12/26/2013 3:05:00 PM
West Concord City Council Trouble with taxes and cats; volunteer tutor available
• Council hires full-time police officer

By Nan Babcock

The West Concord City Council began their meeting on Dec. 19 with a taxation hearing. Three taxpayers attended to question their tax statements.

A homeowner questioned why the city's portion of her property taxes increased 30 percent when the city budget went up only .9 percent. The owner of ten acres of agricultural land in the city questioned why his taxes increased 30 percent when he said the owners of agricultural land adjoining his were charged 30 percent less than he was. A business owner explained that his building had fallen down this year, and the property is valued one dollar higher in 2014 than it was in 2013. All three said they had been in contact with the county assessor's office and had not received satisfactory answers.

City administrator Kay Hanson attributed the city's high tax rates to the fact that the city was forced to build a $2.4 million wastewater treatment plant, and the payments on the bonds used to fund that project keep property taxes high. "We have very little industry to offset municipal expenses," she noted. The city budget has remained relatively flat for the last several years, and the .9 percent increase this year is the equivalent of $3600.

The council members approved the 2014 tax levy at $550,000. The final tax levy for 2013 was $546,360.

Police officer hired

Officer Mike Erdman was hired for the full-time police position in West Concord. The position will start at $16 per hour with benefits, according to council member Karen Peterson, who explained that this arrangement will save money for the city as well as provide more patrol hours due to having a full-time patrol officer and a part-time chief. Police Chief Shannon Boerner added that this will increase police coverage and visibility on the street.

Problem with stray cats

Dennis Englehart, manager of the local Hardware Hank, was back to address the council for the second month in a row about the stray cat issue.
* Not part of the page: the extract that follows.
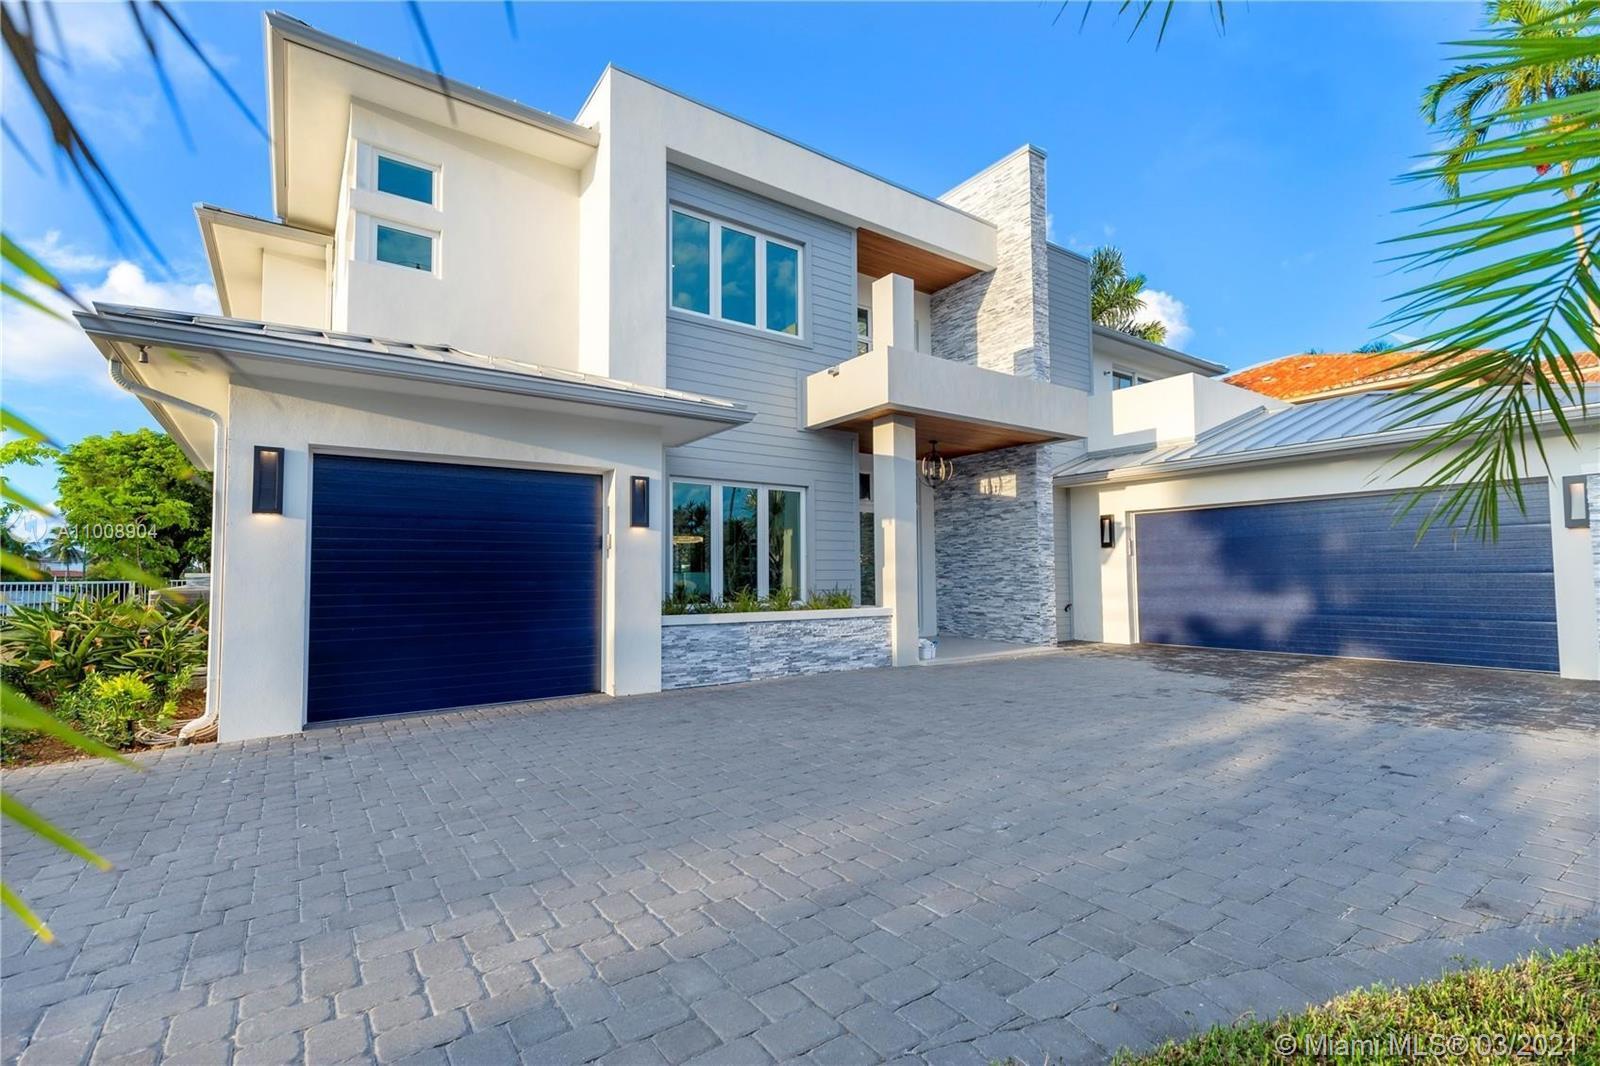 39 Pelican Dr Luxury Real Estate

He carried a bag full of cat-related trash he had picked up off the street, and told council members he had refrained from bringing the cat feces he's picked up. "There are ordinances-why aren't they being enforced?" he asked the council. Lengthy discussion followed.

Council member Ryan Faye advocated shooting them. "Cities use their police departments to shoot deer and other nuisance animals," he observed.

"We're not going to advocate shooting cats," Mayor Jeff McCool said.

"You can't shoot cats," Shannon agreed.

"It costs the city about $280 to deal with each impounded cat," Kay said. Costs include ten days of impoundment and then the euthanasia fee. A further complication is that the city impound facility is set up for dogs, not cats.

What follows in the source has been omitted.